### DATA PROVIDED

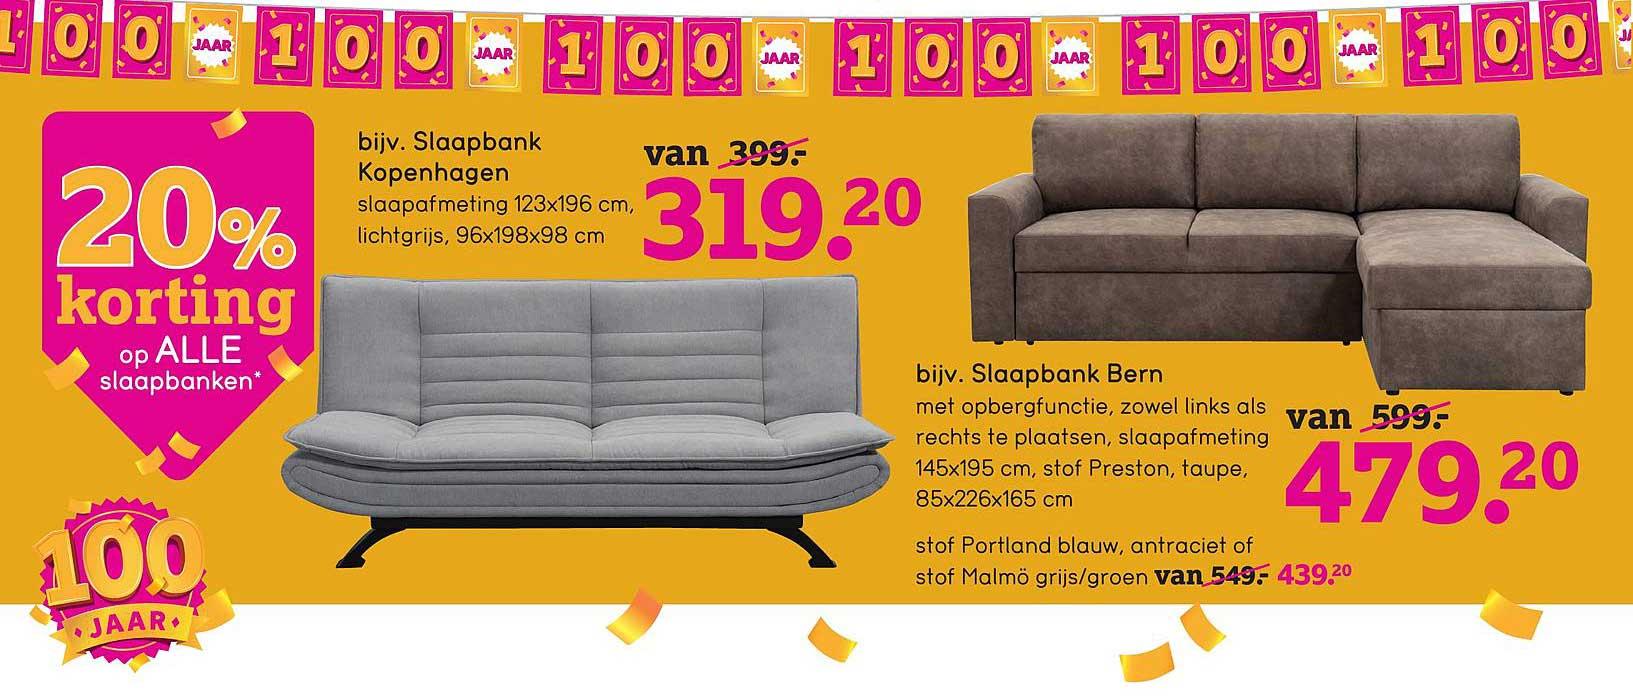 Blauwe Slaapbank Ikea.3 Zits Slaapbank Aanbieding Bij Ikea
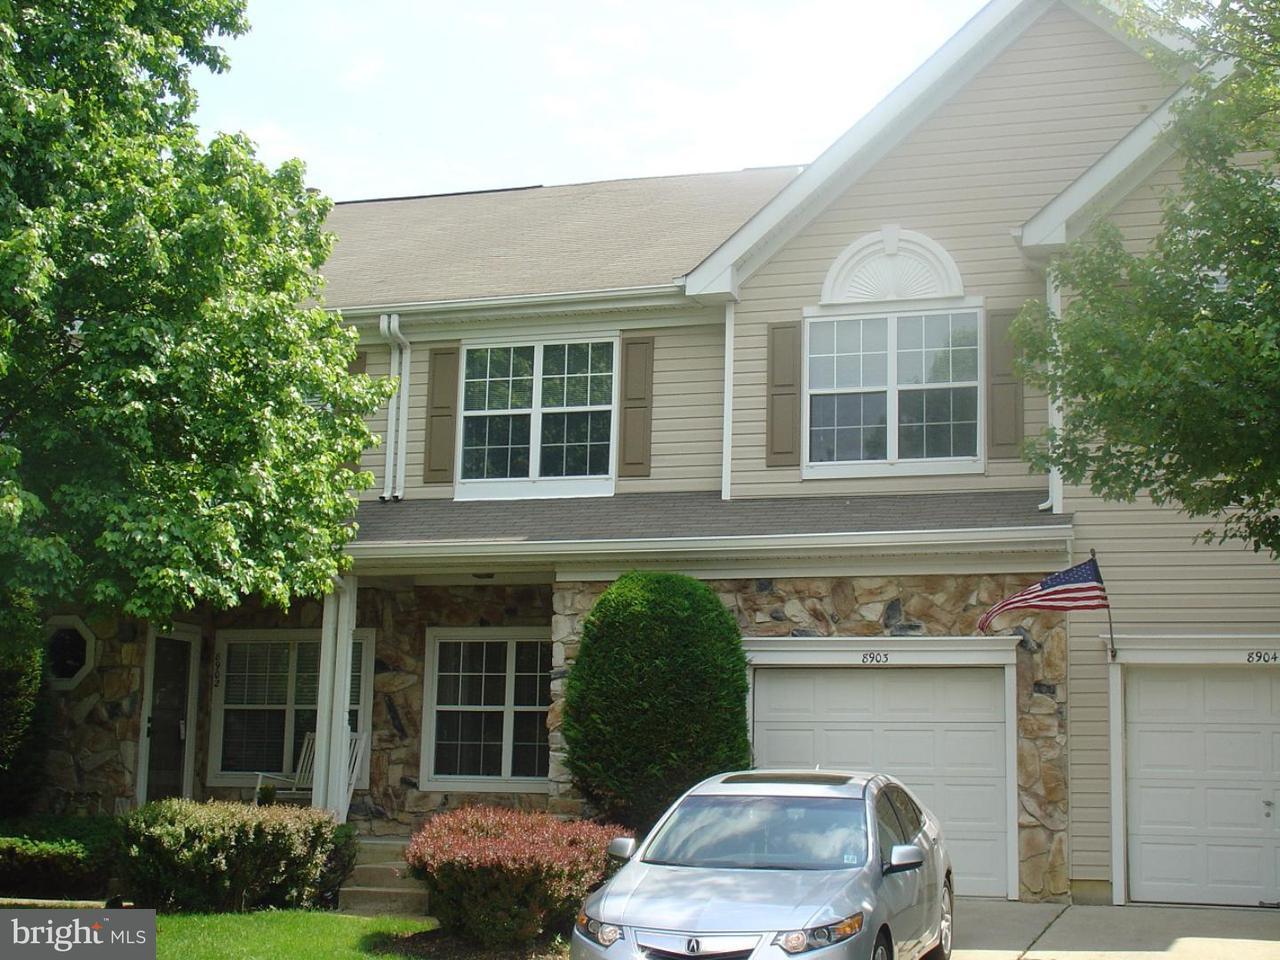 8903  Normandy Mount Laurel, NJ 08054
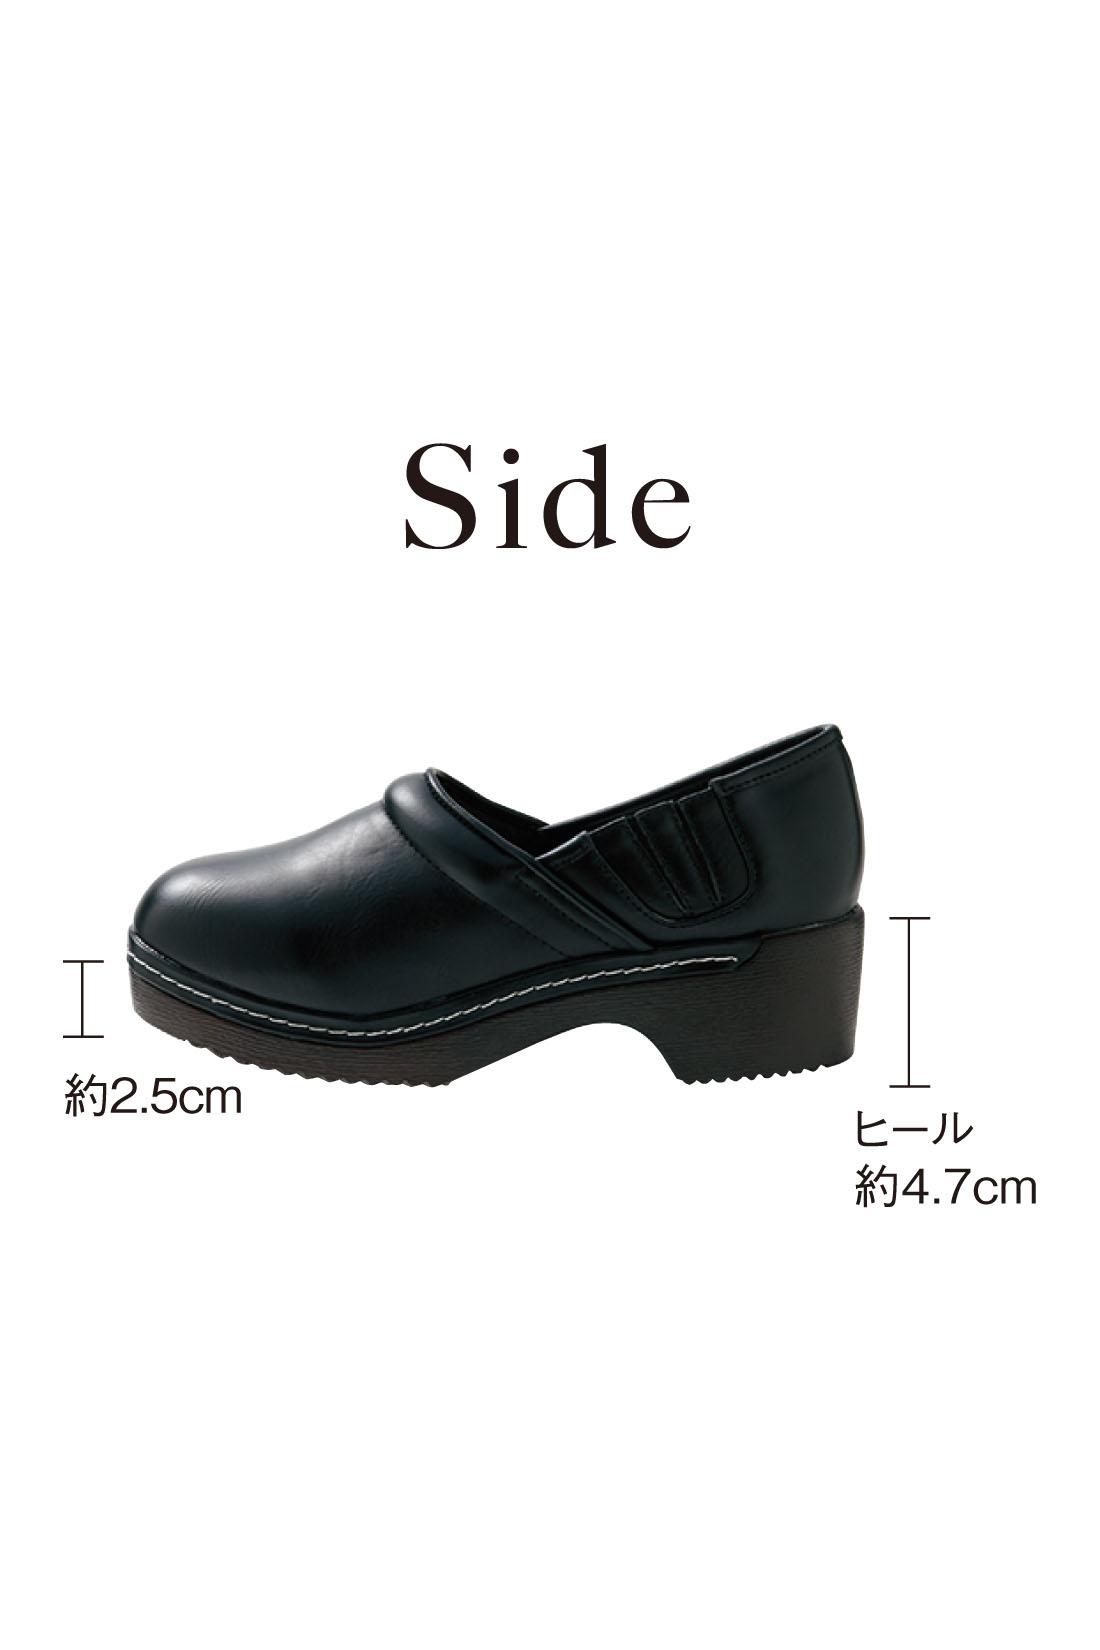 手を使わずすぽっと履けて脱げにくいサイドゴム仕様。がっしり底で美脚に見せつつ、安定感のある履き心地です。

######

## AIM OF THE EXERCISE
Give the listing again word for word, without its images.

## THE COMPLETED TASK
 Blauwe Slaapbank Ikea.3 Zits Slaapbank Aanbieding Bij Ikea
 8903  Normandy Mount Laurel, NJ 08054
 手を使わずすぽっと履けて脱げにくいサイドゴム仕様。がっしり底で美脚に見せつつ、安定感のある履き心地です。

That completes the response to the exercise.